Raft In Plain Language

Raft is a consensus protocol used by systems such as etcd and CockroachDB. A cluster elects a leader. Clients send writes to the leader. The leader appends log entries and replicates them to followers. Once a majority acknowledges an entry, it is committed.

Raft gives understandable leader election and replicated logs, but it requires quorum. If a majority is unavailable, the system cannot commit new writes.

Kafka, Ordering, And Exactly-Once

Kafka stores records in partitioned logs. Ordering is guaranteed within a partition, not across the entire topic. Consumer groups split partitions across workers for parallelism.

Kafka exactly-once semantics reduce duplicates in Kafka-to-Kafka workflows when producers, transactions, and consumers are configured correctly. They do not magically make external side effects exactly once. If a consumer sends email, charges a card, or writes to a non-transactional API, you still need idempotency.

Use Kafka when replay, retention, stream processing, and high throughput matter. Use SQS when managed queue simplicity is enough.

Advanced Caching

Global caching includes CDN edge caches, regional caches, application caches, and database caches. Choose invalidation from the product risk:

TTL for content that can be briefly stale.
Write-through for data that must be fresh in cache after writes.
Event-based invalidation for profile, permission, or inventory changes.
Stale-while-revalidate for fast reads with background refresh.

Cache hot keys carefully. A single viral object can overload one shard unless you replicate it, split it, or serve it from edge caches.

Walkthrough: Twitter/X Feed

Requirements: users post short messages, follow others, view a home timeline, receive near-real-time updates, and search public posts. Assume 500 million users, 100 million daily active users, 6,000 posts per second at peak, and far more reads than writes.

Data model: users, follows, posts, media metadata, timelines, likes, and search documents.

Architecture: post creation writes to the posts store and emits post_created to Kafka. A fanout service pushes the post ID into follower home timelines for normal accounts. Celebrity accounts use fanout-on-read or hybrid fanout to avoid writing to millions of timelines. Timeline reads fetch post IDs from a fast store, hydrate post/user data, and cache the result.

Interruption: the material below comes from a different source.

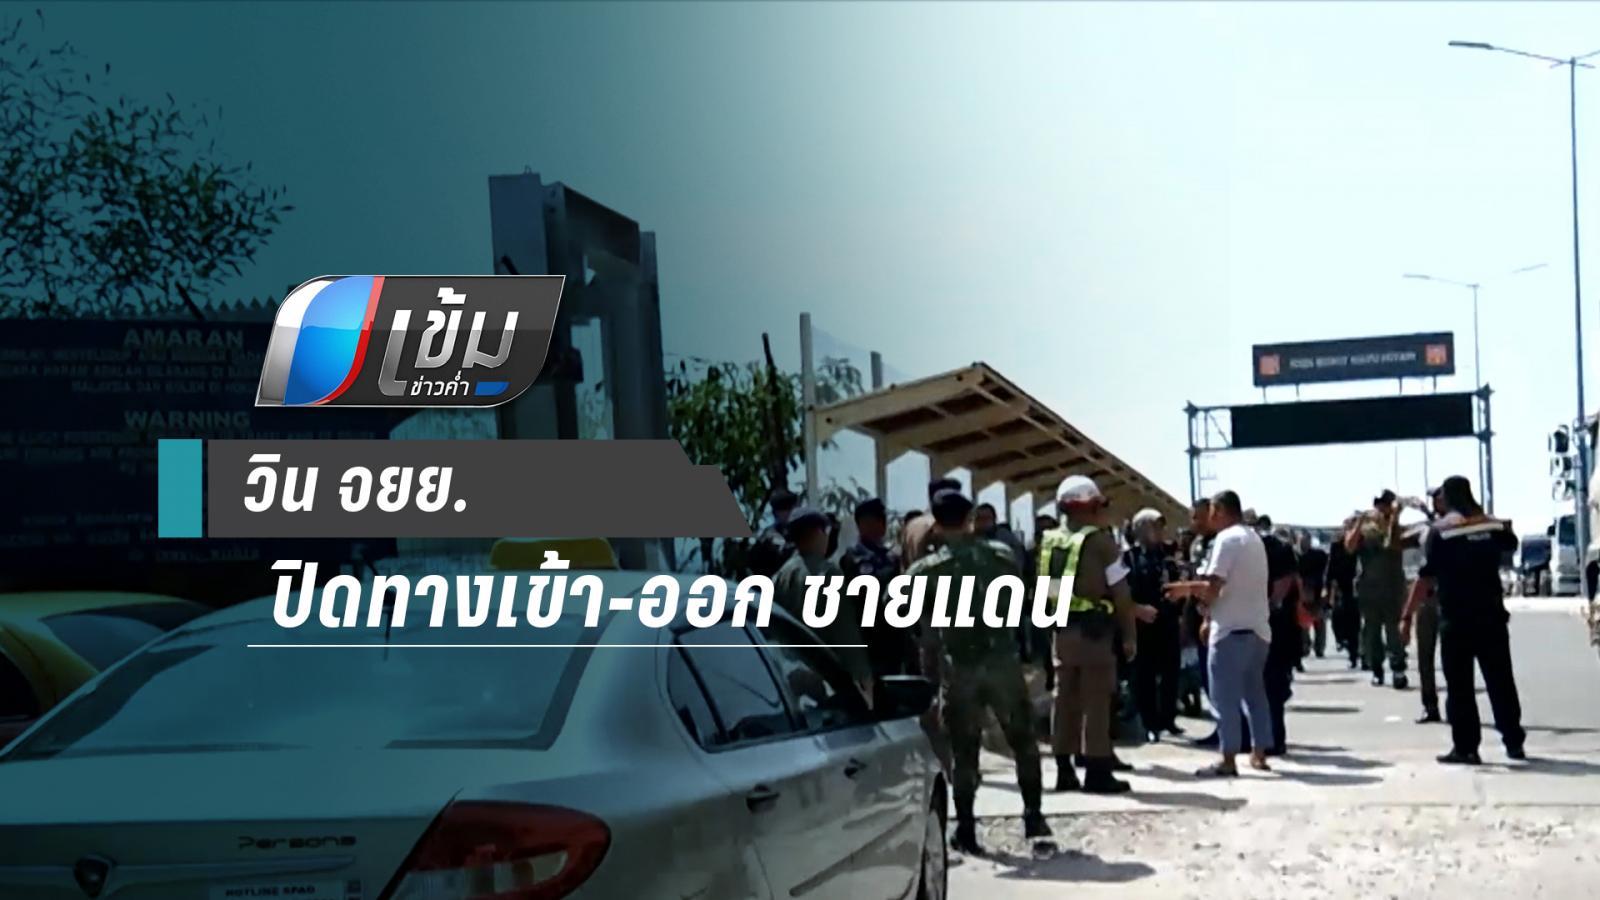 รวมตัว !! วินมอไซค์ ปิดทางเข้า-ออก พรมแดนไทย-มาเลฯ
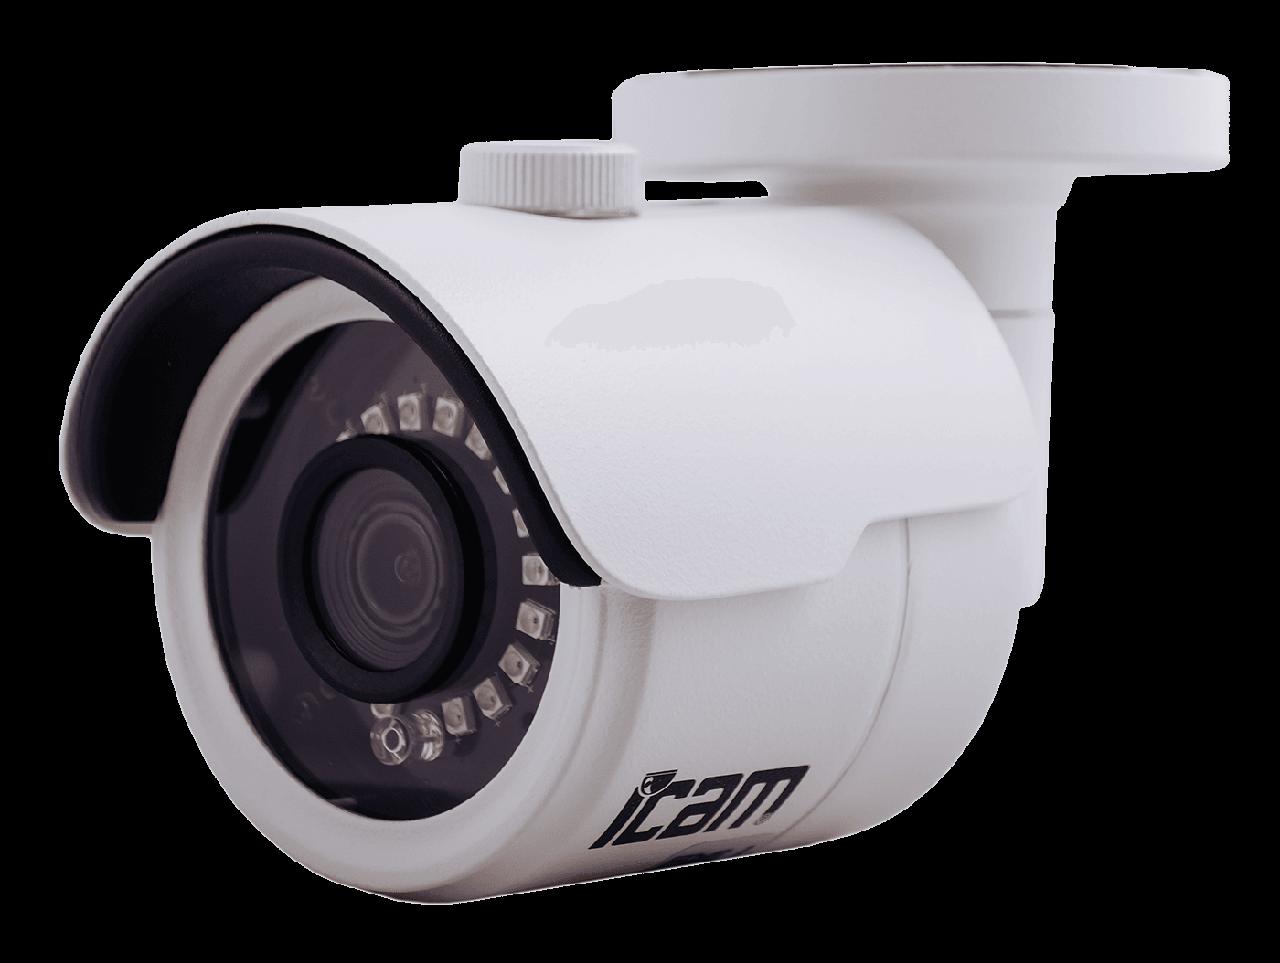 Цилиндрическая IP камера iPanda iCAM FXB3 4 Мп

Real-time updates: WebSocket or SSE connections subscribe to update channels. The system sends lightweight “new posts available” events rather than pushing huge timelines.

Search: public posts are consumed from Kafka, normalized, and indexed into a search system. The search engine uses inverted indexes, BM25-style scoring, freshness boosts, and ranking features. Search is eventually consistent; posting should not wait for search indexing.

Reliability: if fanout lags, users still see older timelines and can refresh later. If search indexing fails, posting continues. If Redis timeline cache is down, fall back to timeline storage with higher latency.

Global AI Infrastructure Pattern

For AI APIs, route users to the nearest compliant region. Keep tenant data, embeddings, logs, and backups inside required jurisdictions. Use active-active stateless gateways, regional inference pools, regional queues, and globally replicated control-plane metadata where safe. Avoid cross-region synchronous calls on the hot path unless consistency requires them.

Design Checklist

Use CAP and PACELC to explain behavior during and outside partitions.
Know when Raft quorum prevents writes.
Choose Kafka for replayable streams, not every queue.
Do not claim exactly-once for external side effects without idempotency.
Design cache invalidation from product correctness requirements.
Use hybrid fanout for feed systems with celebrity accounts.
Keep global hot paths regional when latency matters.

Interview Practice

Explain PACELC with a multi-region user profile service.
What happens to a Raft cluster when it loses quorum?
What ordering does Kafka guarantee?
Why does Kafka exactly-once not guarantee exactly-once emails?
Design cache invalidation for user permissions.
How would you handle celebrity accounts in a Twitter-style feed?
Why should search indexing be asynchronous from posting?
How do data residency requirements change global AI infrastructure?